[Stored items from a collection]
· · ·
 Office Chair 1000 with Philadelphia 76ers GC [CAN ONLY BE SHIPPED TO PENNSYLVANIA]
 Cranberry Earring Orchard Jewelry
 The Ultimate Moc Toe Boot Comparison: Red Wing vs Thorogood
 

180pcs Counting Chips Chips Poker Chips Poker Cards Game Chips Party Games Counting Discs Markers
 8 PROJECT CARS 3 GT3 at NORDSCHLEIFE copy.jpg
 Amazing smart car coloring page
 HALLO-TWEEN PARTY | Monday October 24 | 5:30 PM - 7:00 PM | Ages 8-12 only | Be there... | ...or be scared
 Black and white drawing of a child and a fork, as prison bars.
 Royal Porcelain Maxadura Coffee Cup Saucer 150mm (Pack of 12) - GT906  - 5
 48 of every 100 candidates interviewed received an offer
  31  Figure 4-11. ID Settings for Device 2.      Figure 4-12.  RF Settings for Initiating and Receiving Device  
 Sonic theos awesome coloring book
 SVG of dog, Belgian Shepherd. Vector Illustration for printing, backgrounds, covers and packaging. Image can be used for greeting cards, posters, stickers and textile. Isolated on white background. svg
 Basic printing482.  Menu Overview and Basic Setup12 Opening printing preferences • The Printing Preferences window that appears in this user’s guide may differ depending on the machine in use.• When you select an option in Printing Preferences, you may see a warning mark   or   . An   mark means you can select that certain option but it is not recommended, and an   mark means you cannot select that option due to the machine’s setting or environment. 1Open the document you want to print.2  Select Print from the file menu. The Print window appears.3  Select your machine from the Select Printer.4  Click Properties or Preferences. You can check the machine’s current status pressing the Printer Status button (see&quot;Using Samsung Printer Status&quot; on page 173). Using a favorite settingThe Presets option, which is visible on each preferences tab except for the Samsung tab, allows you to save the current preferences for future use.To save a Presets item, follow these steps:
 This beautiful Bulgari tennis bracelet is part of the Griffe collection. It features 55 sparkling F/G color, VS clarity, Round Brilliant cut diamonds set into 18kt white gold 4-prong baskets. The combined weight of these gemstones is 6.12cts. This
· · ·
_Work task_
Having read the records above, print them out again exactly.

_Your response_
 Office Chair 1000 with Philadelphia 76ers GC [CAN ONLY BE SHIPPED TO PENNSYLVANIA]
 Cranberry Earring Orchard Jewelry
 The Ultimate Moc Toe Boot Comparison: Red Wing vs Thorogood
 

180pcs Counting Chips Chips Poker Chips Poker Cards Game Chips Party Games Counting Discs Markers
 8 PROJECT CARS 3 GT3 at NORDSCHLEIFE copy.jpg
 Amazing smart car coloring page
 HALLO-TWEEN PARTY | Monday October 24 | 5:30 PM - 7:00 PM | Ages 8-12 only | Be there... | ...or be scared
 Black and white drawing of a child and a fork, as prison bars.
 Royal Porcelain Maxadura Coffee Cup Saucer 150mm (Pack of 12) - GT906  - 5
 48 of every 100 candidates interviewed received an offer
  31  Figure 4-11. ID Settings for Device 2.      Figure 4-12.  RF Settings for Initiating and Receiving Device  
 Sonic theos awesome coloring book
 SVG of dog, Belgian Shepherd. Vector Illustration for printing, backgrounds, covers and packaging. Image can be used for greeting cards, posters, stickers and textile. Isolated on white background. svg
 Basic printing482.  Menu Overview and Basic Setup12 Opening printing preferences • The Printing Preferences window that appears in this user’s guide may differ depending on the machine in use.• When you select an option in Printing Preferences, you may see a warning mark   or   . An   mark means you can select that certain option but it is not recommended, and an   mark means you cannot select that option due to the machine’s setting or environment. 1Open the document you want to print.2  Select Print from the file menu. The Print window appears.3  Select your machine from the Select Printer.4  Click Properties or Preferences. You can check the machine’s current status pressing the Printer Status button (see&quot;Using Samsung Printer Status&quot; on page 173). Using a favorite settingThe Presets option, which is visible on each preferences tab except for the Samsung tab, allows you to save the current preferences for future use.To save a Presets item, follow these steps:
 This beautiful Bulgari tennis bracelet is part of the Griffe collection. It features 55 sparkling F/G color, VS clarity, Round Brilliant cut diamonds set into 18kt white gold 4-prong baskets. The combined weight of these gemstones is 6.12cts. This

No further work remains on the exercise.